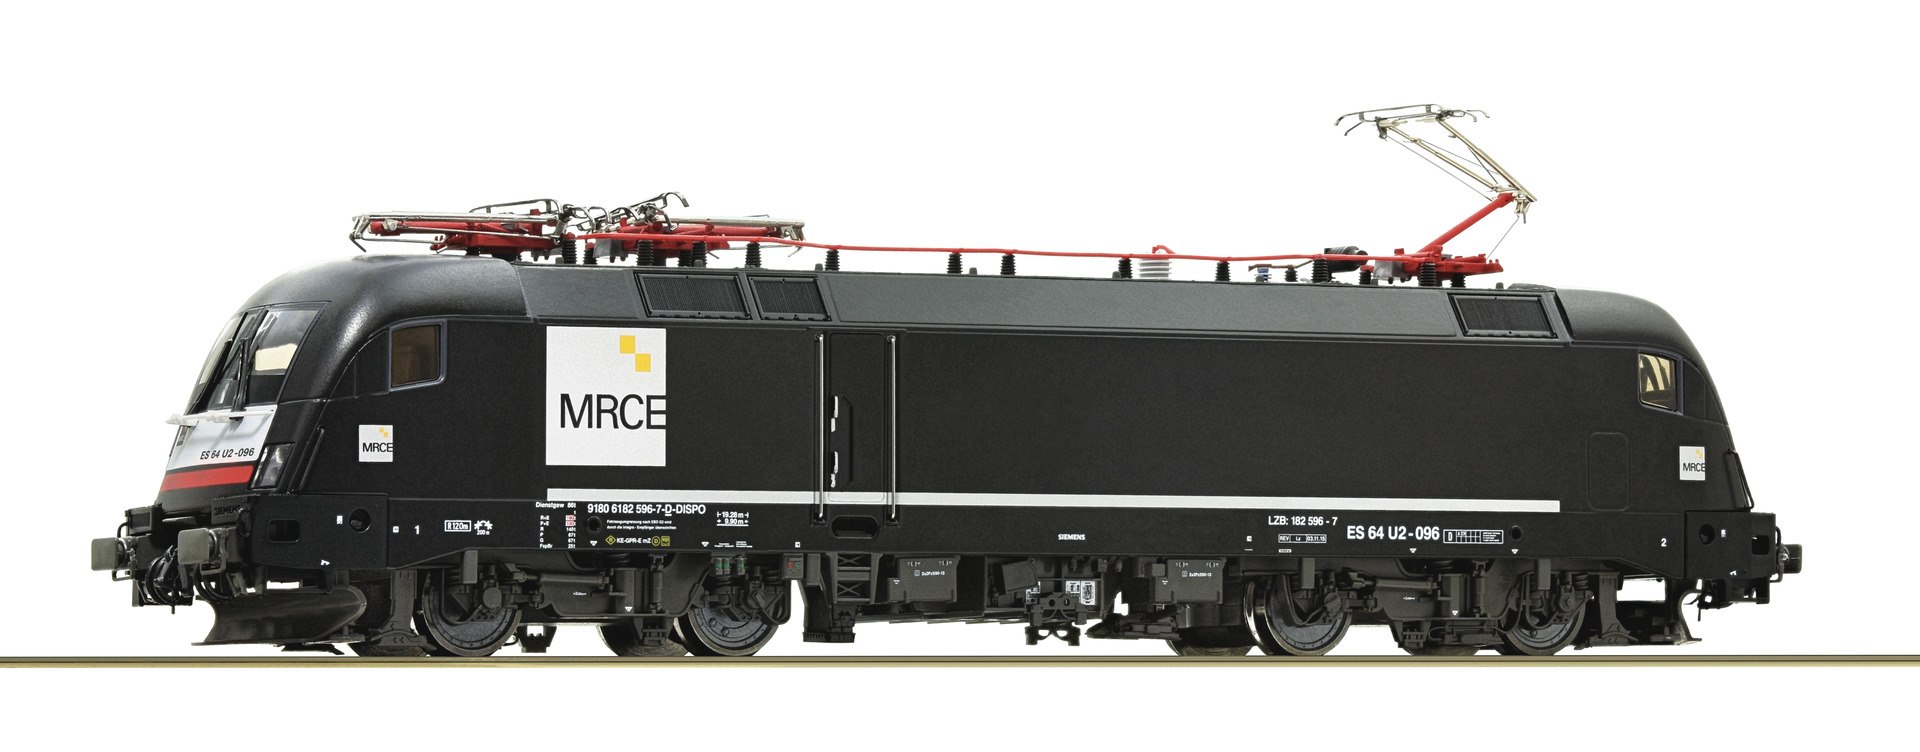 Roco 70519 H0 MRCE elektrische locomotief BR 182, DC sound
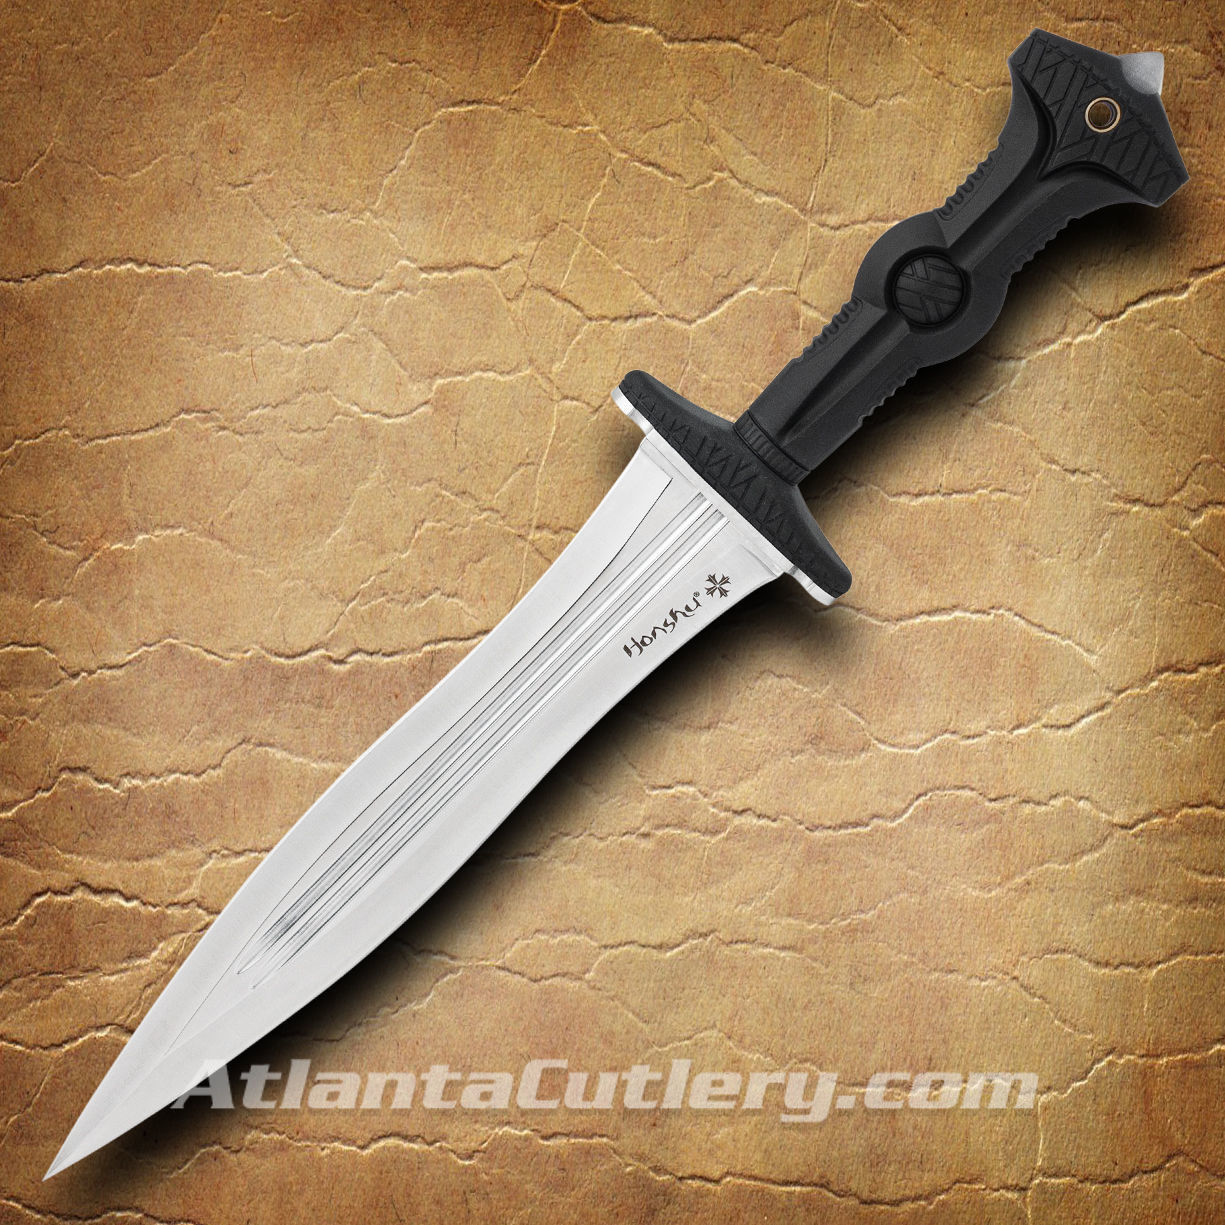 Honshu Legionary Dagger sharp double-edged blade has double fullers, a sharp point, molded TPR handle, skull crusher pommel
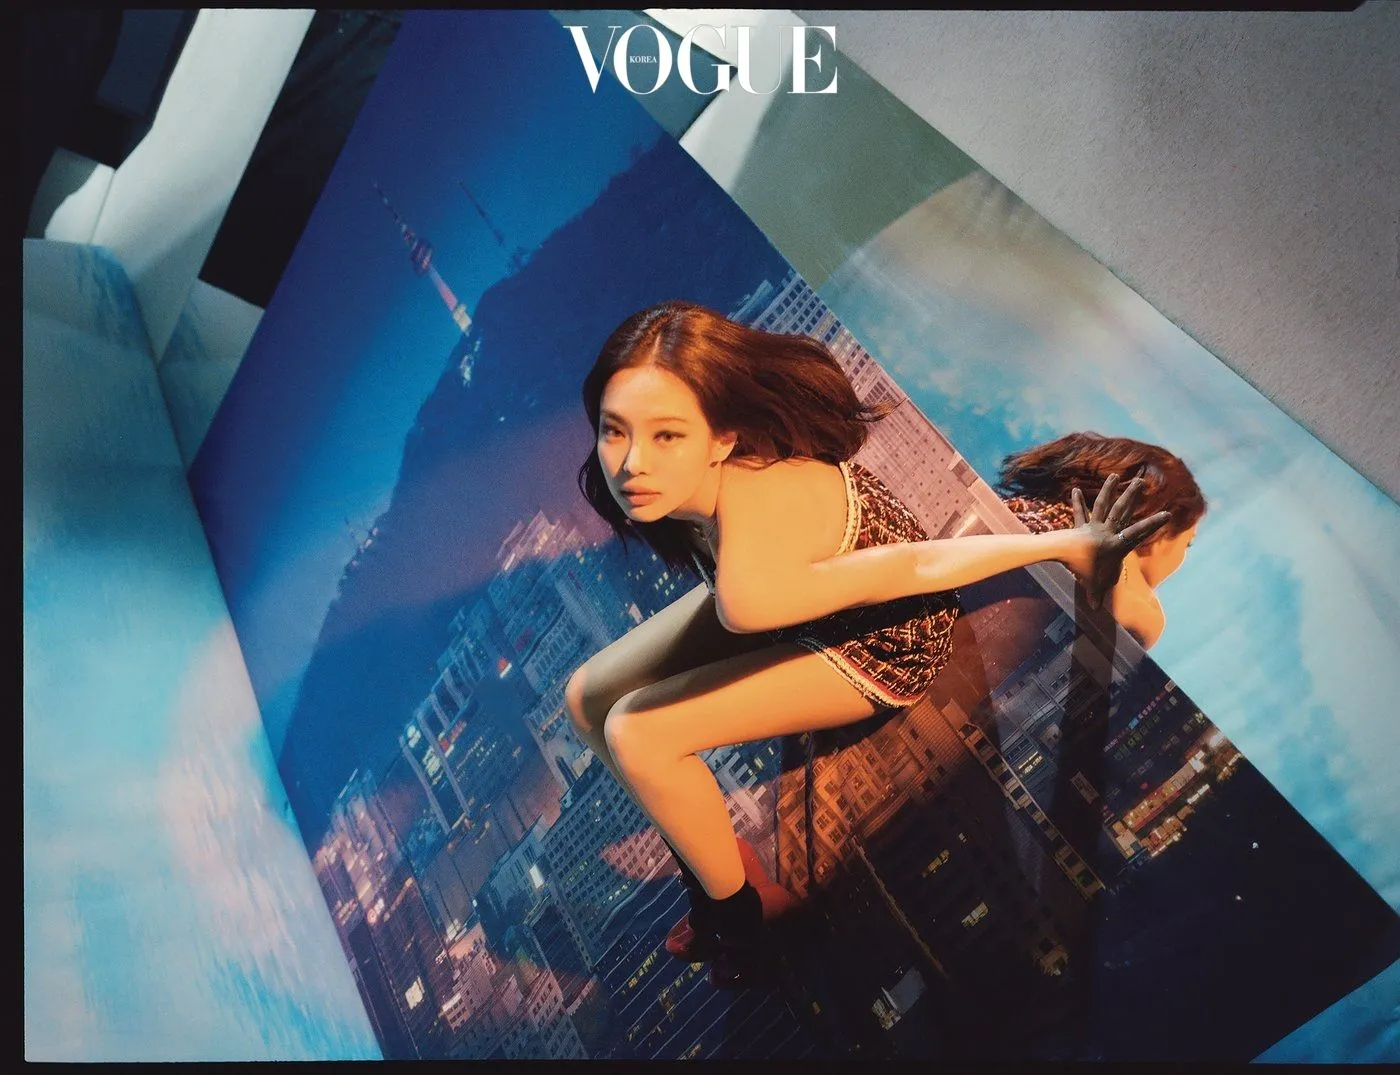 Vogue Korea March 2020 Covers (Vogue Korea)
--
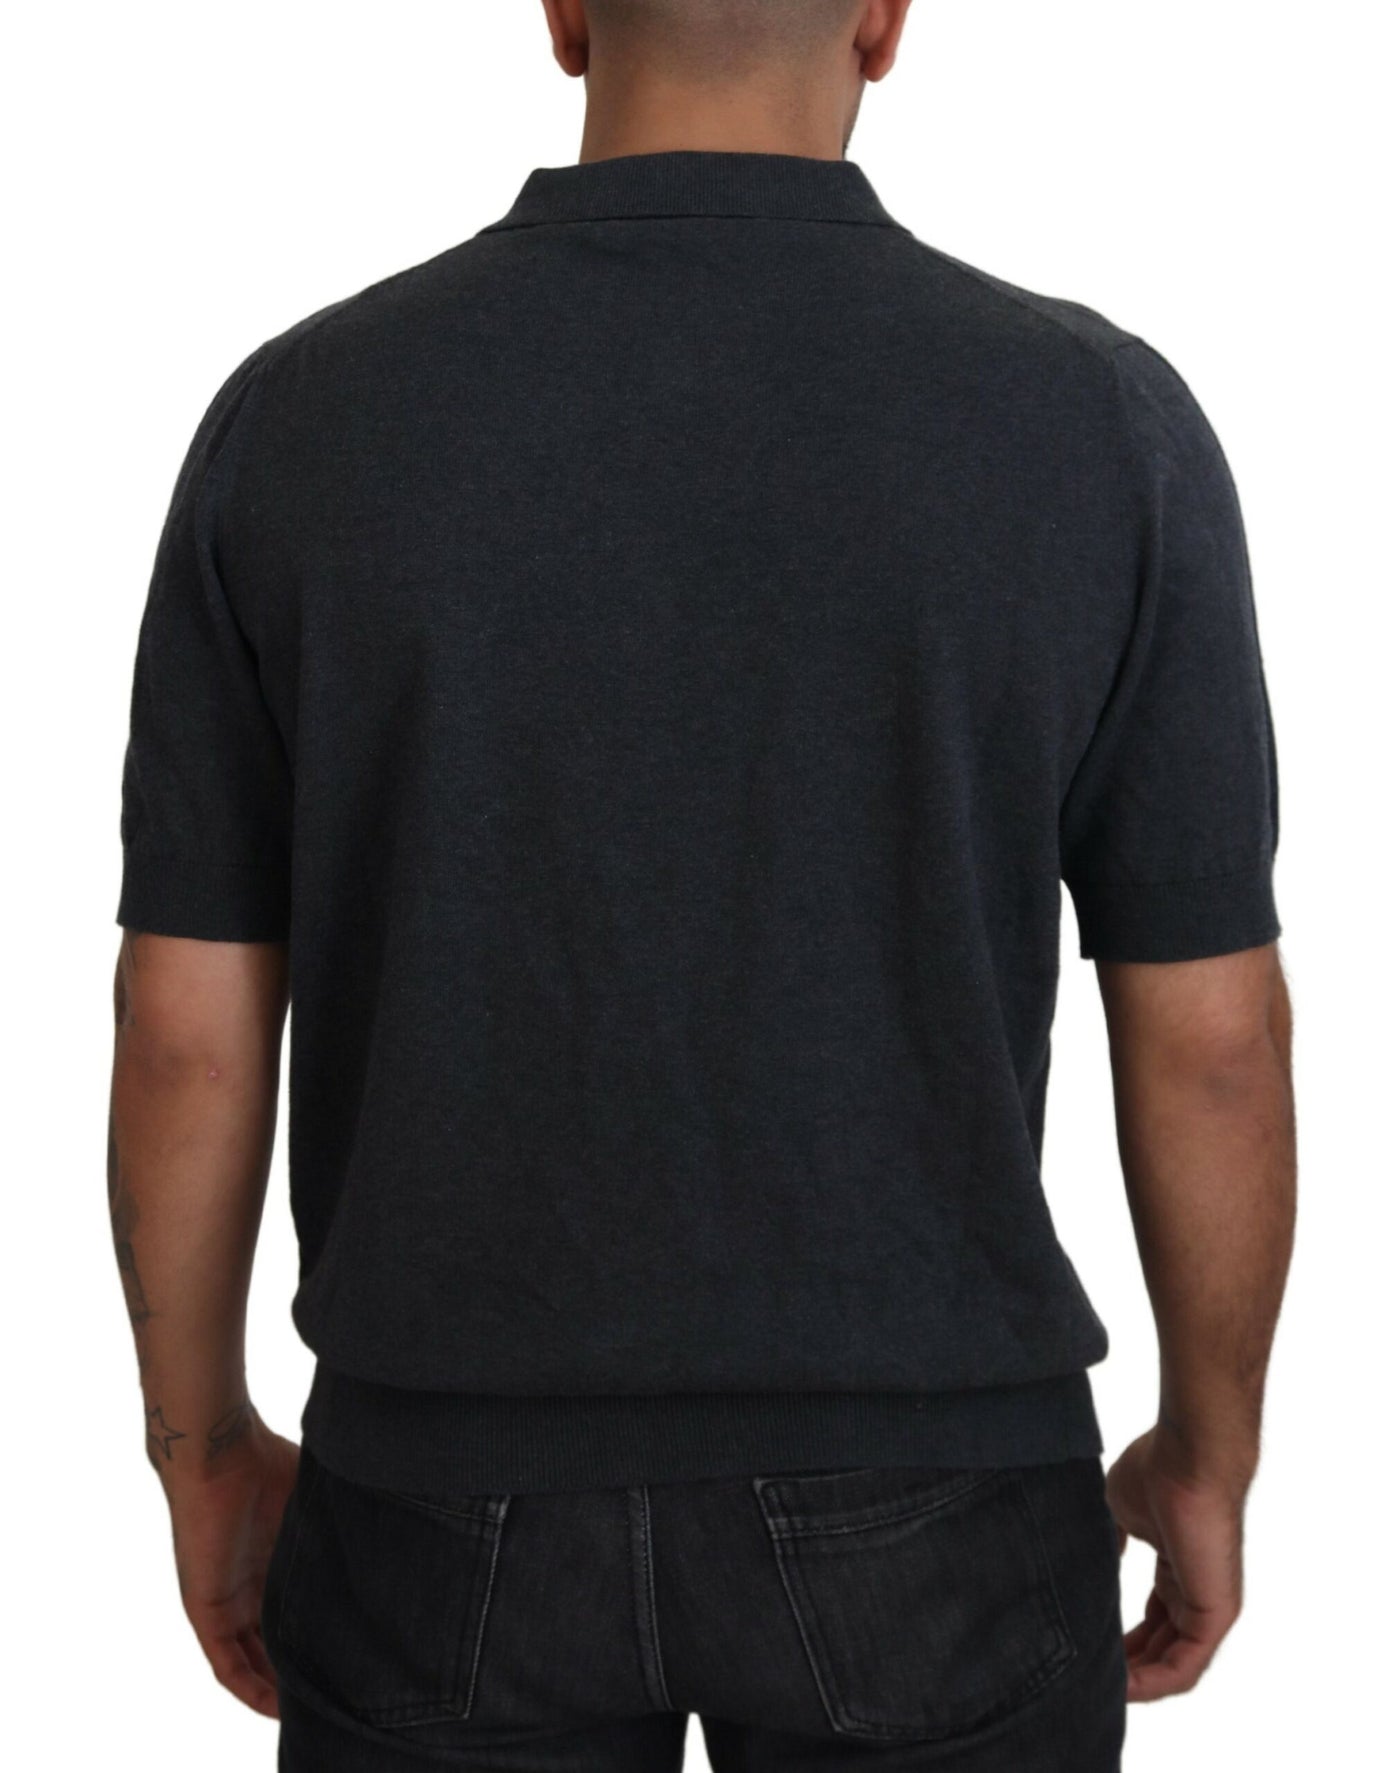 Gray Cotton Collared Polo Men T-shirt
---
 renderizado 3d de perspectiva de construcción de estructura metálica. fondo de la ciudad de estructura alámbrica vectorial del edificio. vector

_Task brief_
Word for word, repeat the lines above from the one with "Honshu Legionary Dagger" through the one with "Vogue Korea March 2020 Covers (Vogue Korea)", and nothing beyond them. Omit the pictures.

_Output for this task_
 Honshu Legionary Dagger sharp double-edged blade has double fullers, a sharp point, molded TPR handle, skull crusher pommel
 Vogue Korea March 2020 Covers (Vogue Korea)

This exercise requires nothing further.